Implementation Patterns: Per Core Sharding and Thread Pool Sizing
Per Core Sharding
Per core sharding assigns each CPU core its own dedicated resources: one thread, its own data partition, and its own network connections. Instead of multiple threads competing for shared data structures, each core operates independently on its slice of work.
This pattern eliminates lock contention entirely. With shared data, threads spend time acquiring locks, waiting for other threads to release locks, and synchronizing cache lines between cores. Per core sharding trades memory efficiency (duplicated data structures) for throughput. A system might use 8x more memory but achieve 5-10x higher throughput on an 8 core machine.
Implementing per core sharding requires partitioning incoming requests. Hash the request key (user ID, connection ID, or message ID) and route to the corresponding core. This ensures all operations for a given key hit the same core, enabling sequential processing without locks.
Thread Pool Sizing
For CPU bound work, set pool size equal to core count. More threads waste time context switching. Fewer threads leave cores idle. On an 8 core machine, 8 threads achieve maximum throughput for pure computation.
For I/O bound work, use the formula: threads = cores × (1 + wait_time / service_time). If requests spend 100ms waiting for database responses and 10ms doing CPU work, the ratio is 10. On 8 cores: 8 × 11 = 88 threads keep all cores busy while waiting for I/O.
Mixed workloads need separate pools. A single pool handling both CPU intensive image processing and I/O bound database queries leads to head of line blocking: fast I/O tasks wait behind slow CPU tasks. Split into a small compute pool (core count) and a larger I/O pool (based on wait ratios).
Work Stealing
Work stealing balances load across thread pool workers. Each worker maintains its own queue of tasks. When a worker finishes its queue, it steals tasks from other workers queues. This provides automatic load balancing without central coordination.

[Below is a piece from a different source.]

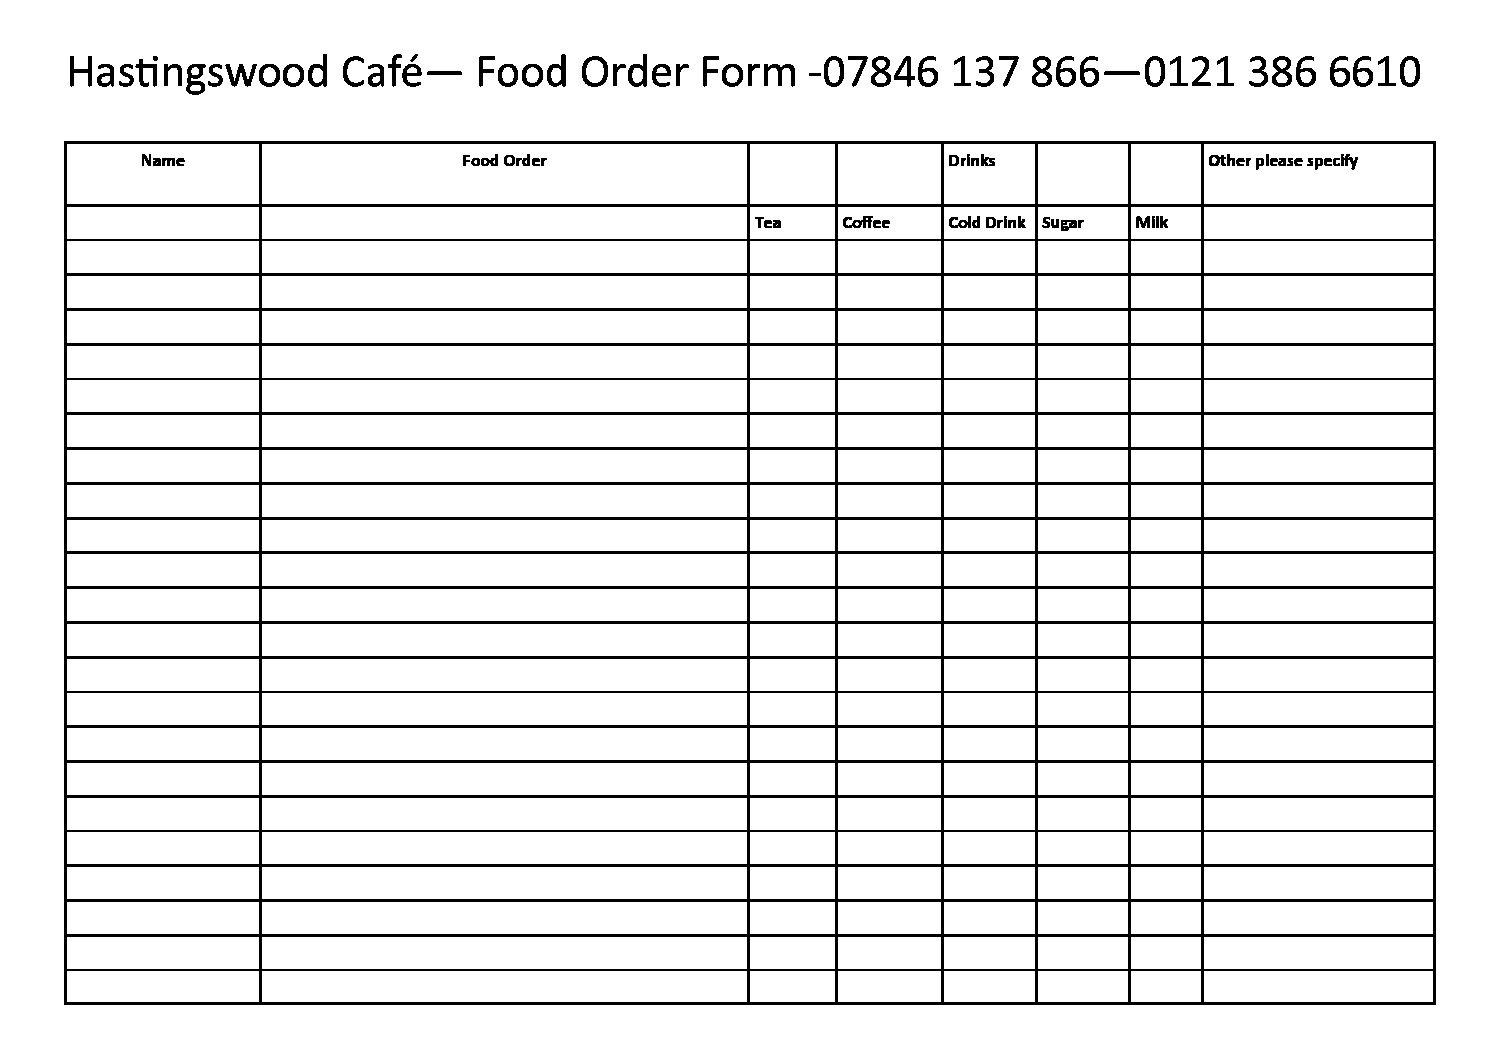 food order form - Madran kaptanband co

The key is the stealing pattern: workers steal from the opposite end of another workers queue. If the owner processes from the head, thieves steal from the tail. This minimizes contention between the owner and thieves.
Process Pool Patterns
Pre fork pools spawn workers at startup and reuse them for multiple requests. This amortizes the 1-10ms process creation cost across many requests. Workers that exceed memory limits or request counts are terminated and replaced.
Worker recycling prevents memory leak accumulation. Configure workers to restart after handling 1000 requests or exceeding 500MB memory. The brief unavailability during restart is preferable to eventual memory exhaustion.